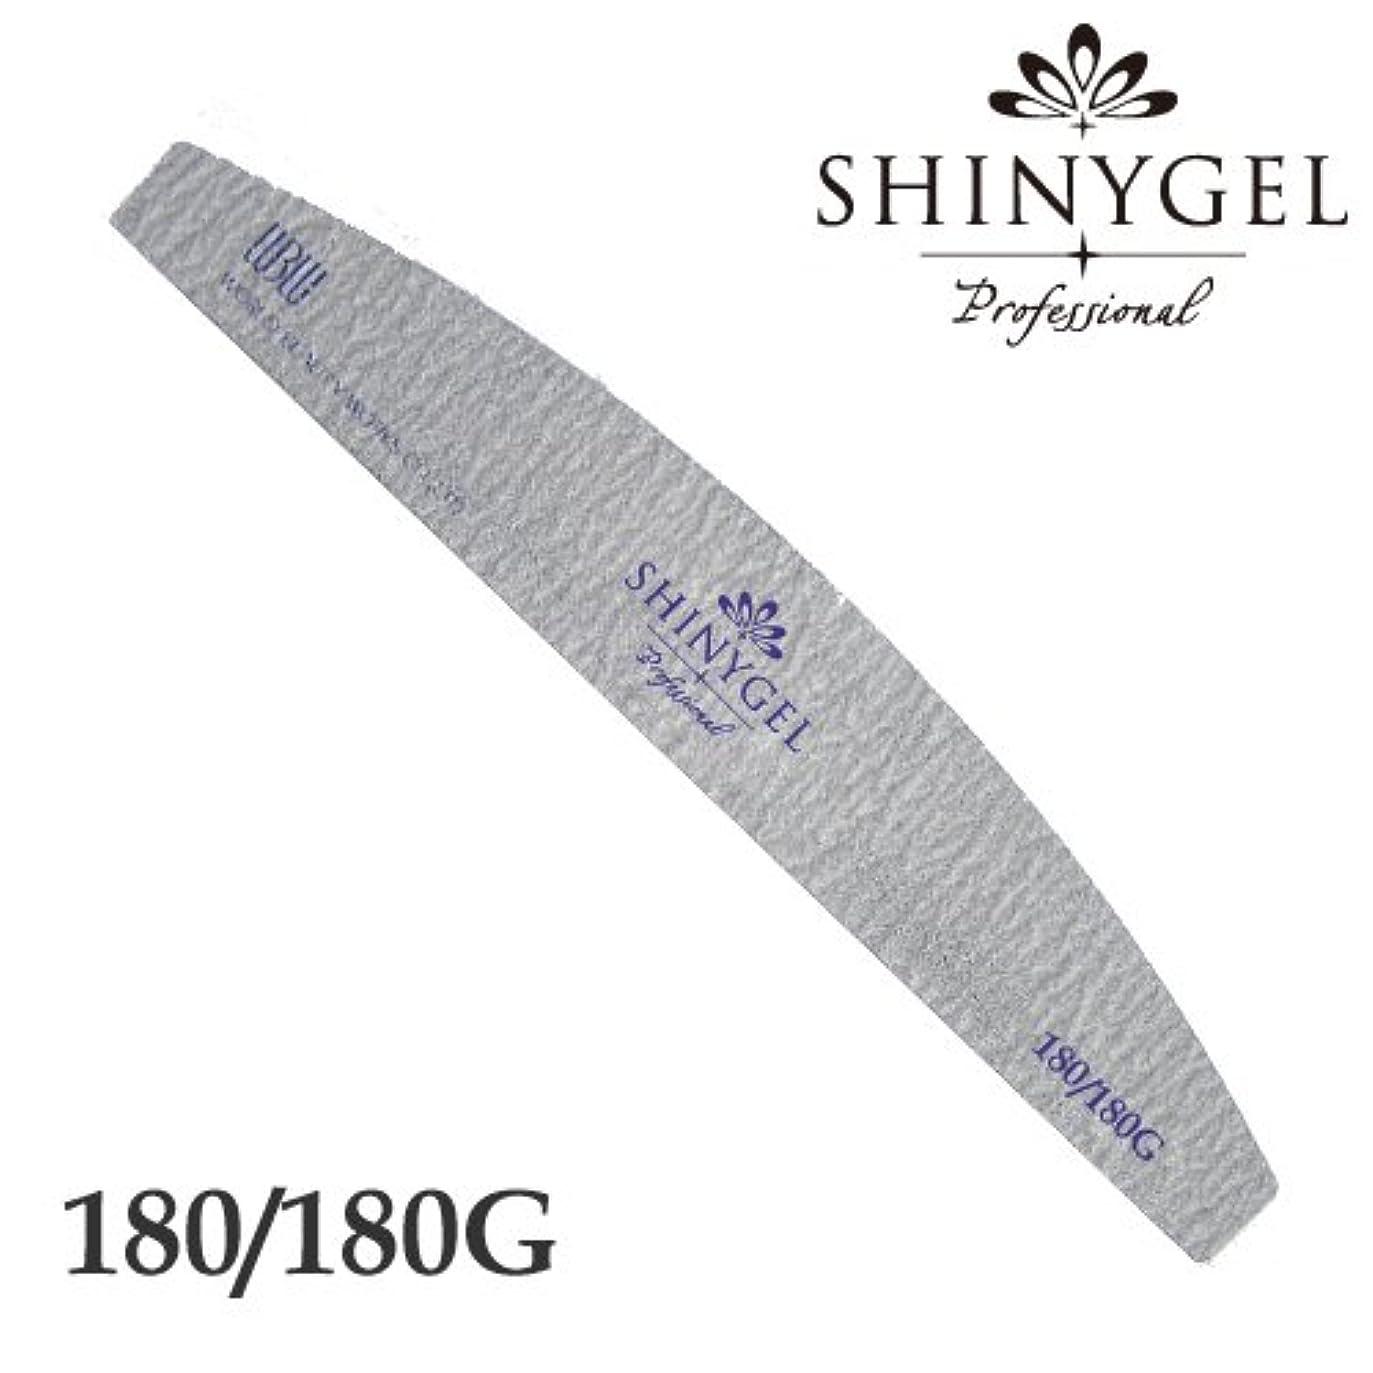 電極繁栄運動SHINYGEL Professional シャイニージェルプロフェッショナル ゼブラファイル ホワイト(アーチ型) 180/180G ジェルネイル 爪やすり
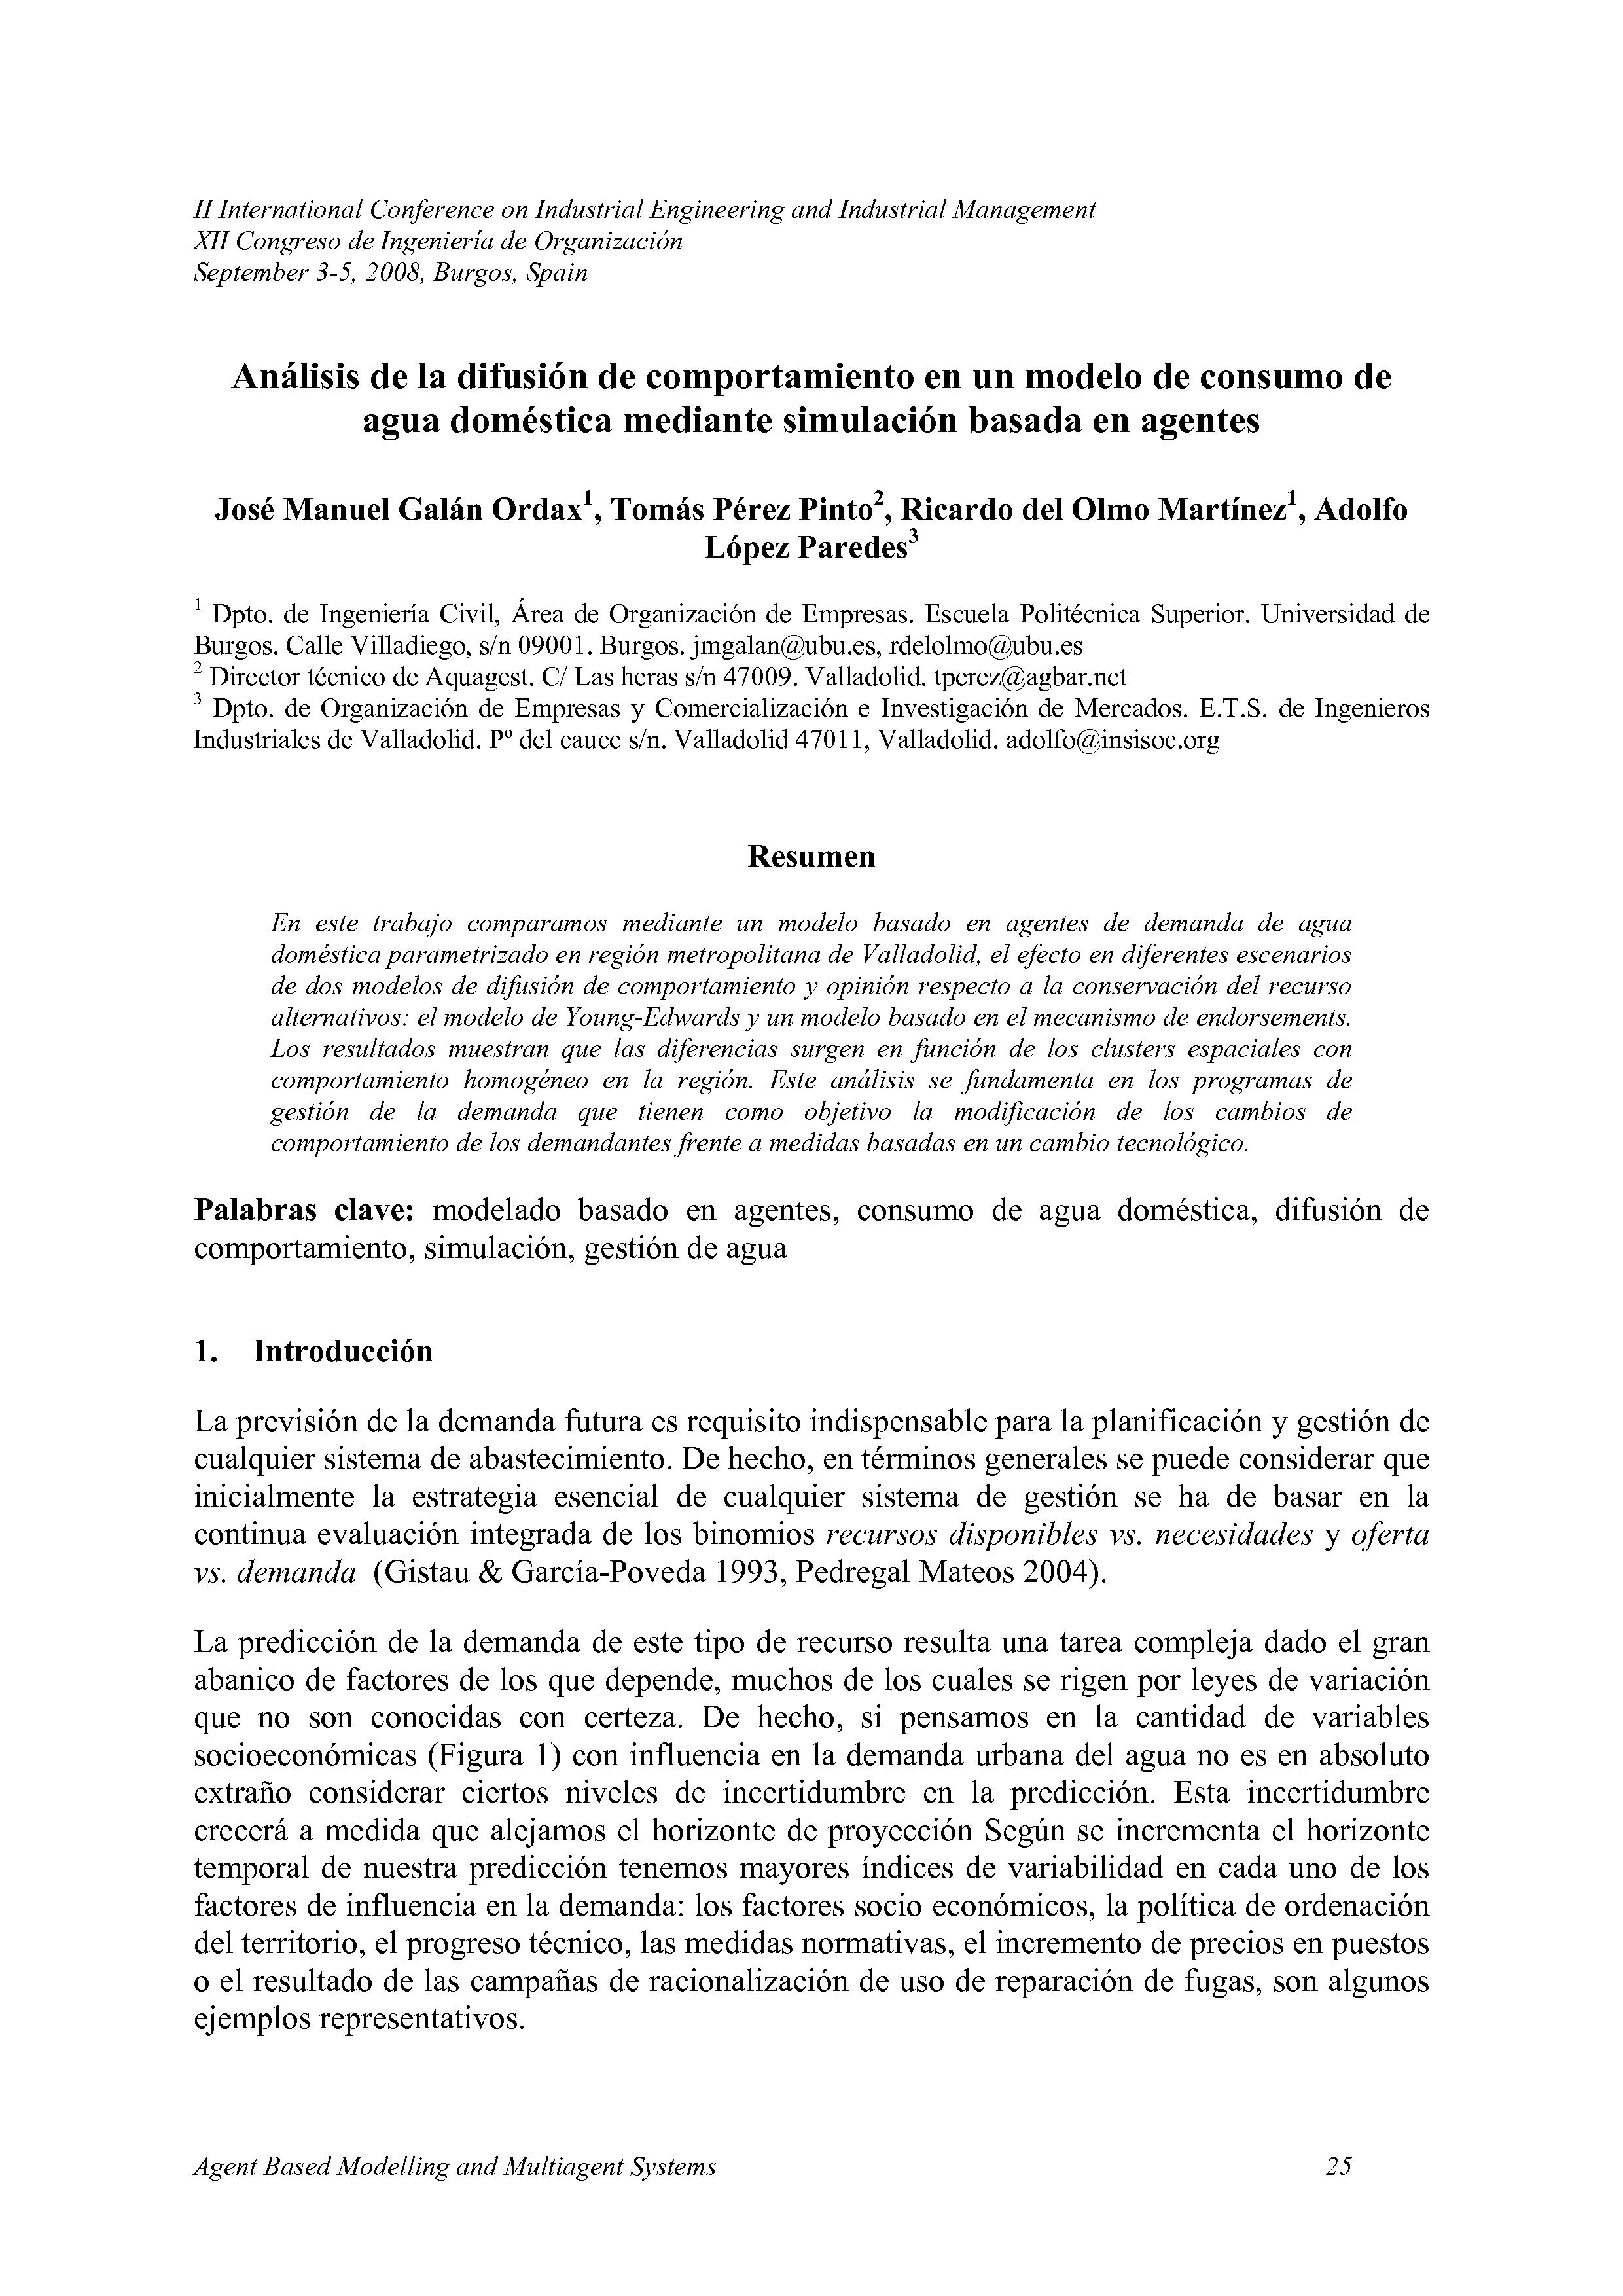 Análisis de la difusión de comportamiento en un modelo de consumo de  agua doméstica mediante simulación basada en agentes
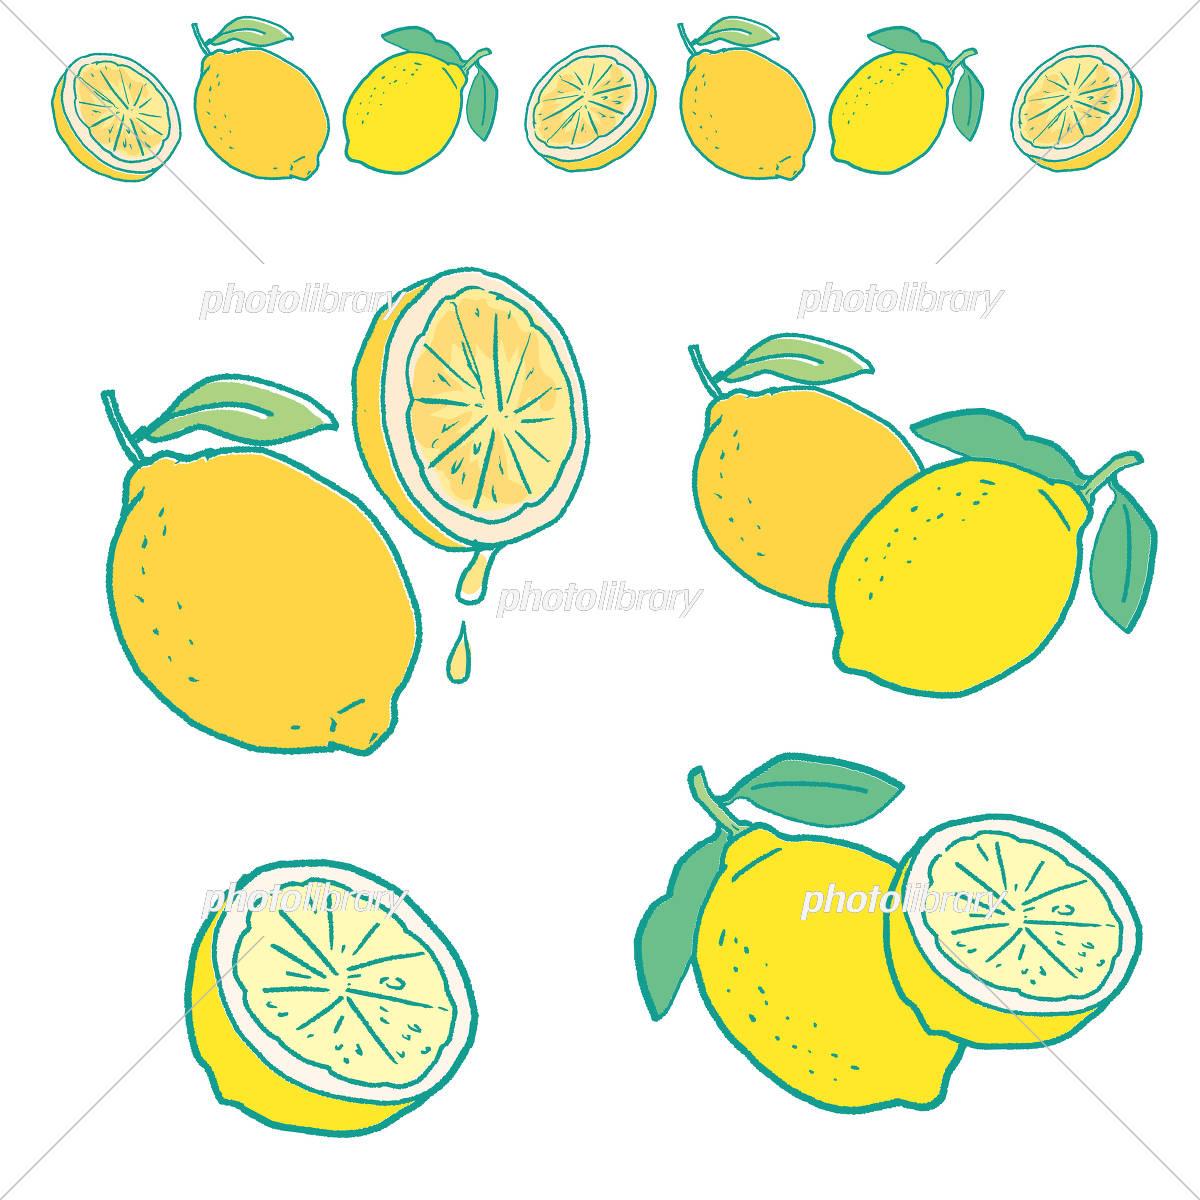 レモン イラスト イラスト素材 5191108 フォトライブラリー

TASK TO CARRY OUT:
Return the material above in exact form. Pictures stay out.

WRITTEN SOLUTION:
 電極繁栄運動SHINYGEL Professional シャイニージェルプロフェッショナル ゼブラファイル ホワイト(アーチ型) 180/180G ジェルネイル 爪やすり
 Análisis de la difusión de comportamiento en un modelo de consumo de  agua doméstica mediante simulación basada en agentes
 レモン イラスト イラスト素材 5191108 フォトライブラリー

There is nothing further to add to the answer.